10 Must-Do Steps Before Installing an Engineered Hardwood Floating Floor (Pt. 2)

Although there is no reveal at the end of this post, there’s an even bigger payoff – especially if you’re planning an upcoming flooring DIY – because it has some great tips to get you ready for a professional-looking floating hardwood floor installation. Pin it for future reference and share it if you know someone who might be interested!

This second in our series on installing an engineered floating floor is all about the prep work. It assumes you’ve already selected and calculated the amount of engineered hardwood you need. If you missed the first part where discussed those things and gave you 12 tips to shopping for engineered hardwood floating floors, check it out now before you read on.

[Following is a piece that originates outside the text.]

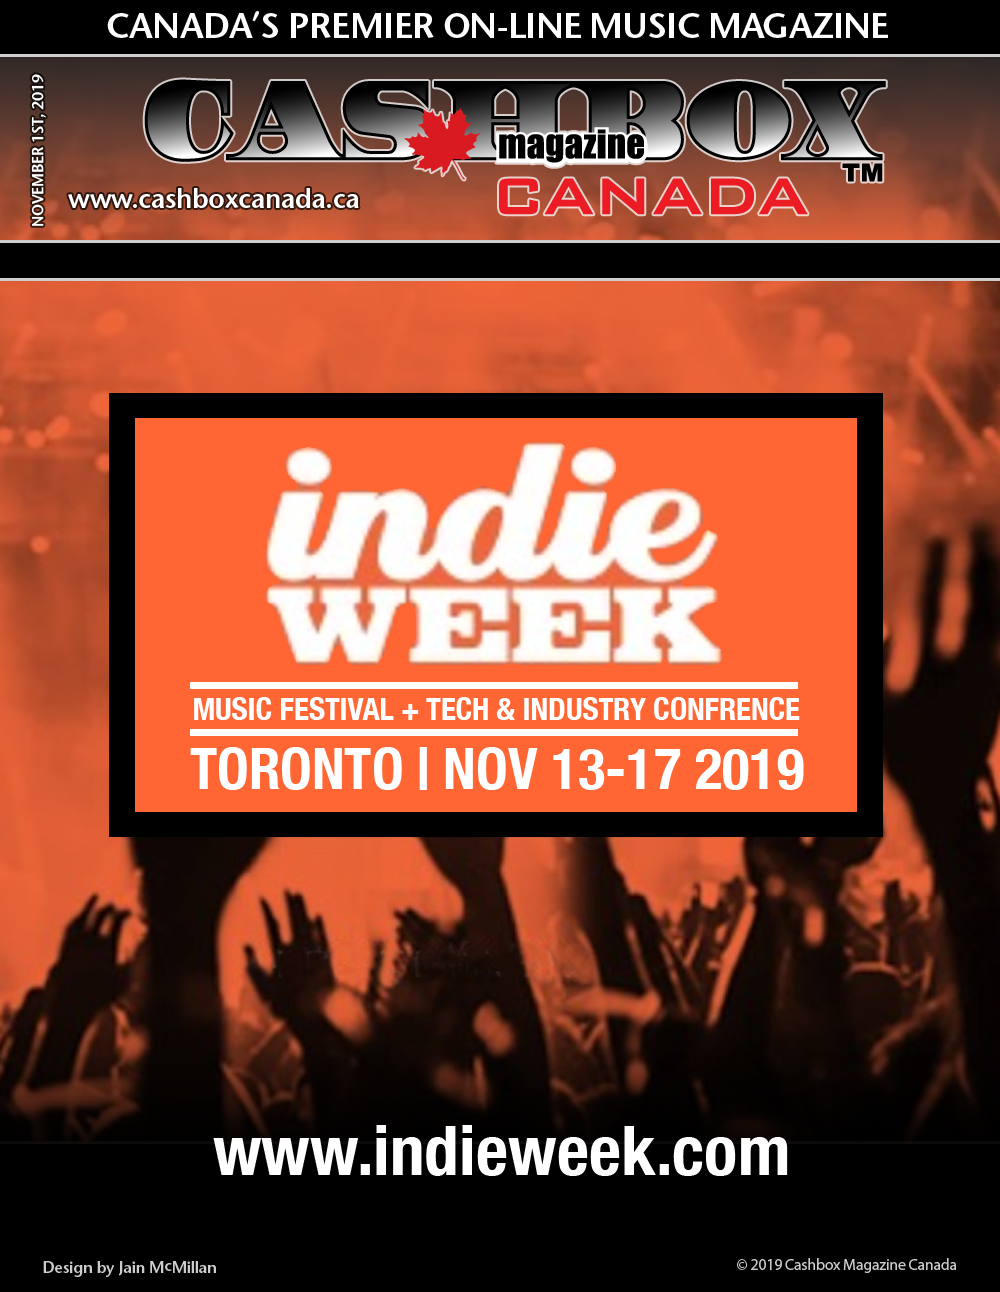 Indie Week Toronto November 13-17, 2019

1. Start with a Level Floor

Fix any leveling issues before taking delivery of your order. Your flooring job will only be as good as what’s underneath it so take the time to do it right. In the case of our basement, the concrete floor was out of level by over half a foot so we brought in an expert to pour an epoxy product called Levelrock.

It marks one of the very rare times we didn’t do the work ourselves and with good reason: the equipment needed to complete such a large scale project is not within the reach of a do-it-yourselfer! You can read more about the levelling of our basement floor here.

Levelrock can be used as a levelling agent in the basement as well as on the main floor too (as long as it’s a minimum depth of 3/4″)

Although this post doesn’t get too much into the specifics of above-grade situations, if you are installing above grade, a level surface is just as important. When we renovated our main floor for instance, hubs laid a long level over the floor and discovered that it was up and down due to the joists (the builders were inconsistent about putting all the joists with the crown facing in the same direction – which is ideally up). We removed the subfloor and planed the joists down (Note: joists are structural so only do this on the advice of a structural engineer). You can read more about how to plane a floor, in this article. After planing down the high spots, hubs re-fastened the plywood subfloor onto the joists.

2. Fix Those Squeaks (For Upper Level Installations)

If you have an open basement below your main floor, take advantage of the opportunity to fix any squeaks you may have. After researching some articles on fixing squeaks, I was surprised that most don’t mention that sometimes it just takes some additional screws fastened through the subfloor into the joists to tighten things up. Some builders don’t add enough, so buy a whole bucket and use a screw gun to add screws along the joists every 6 inches along the edges and at least 12 inches in the field. To fix our sqeaks, along with adding additional screws, we used the following methods: glue/shims, squeezing construction adhesive into the gaps along both sides of the joists, and screwing blocks between the joists (you can see those methods in this article at the Family Handyman).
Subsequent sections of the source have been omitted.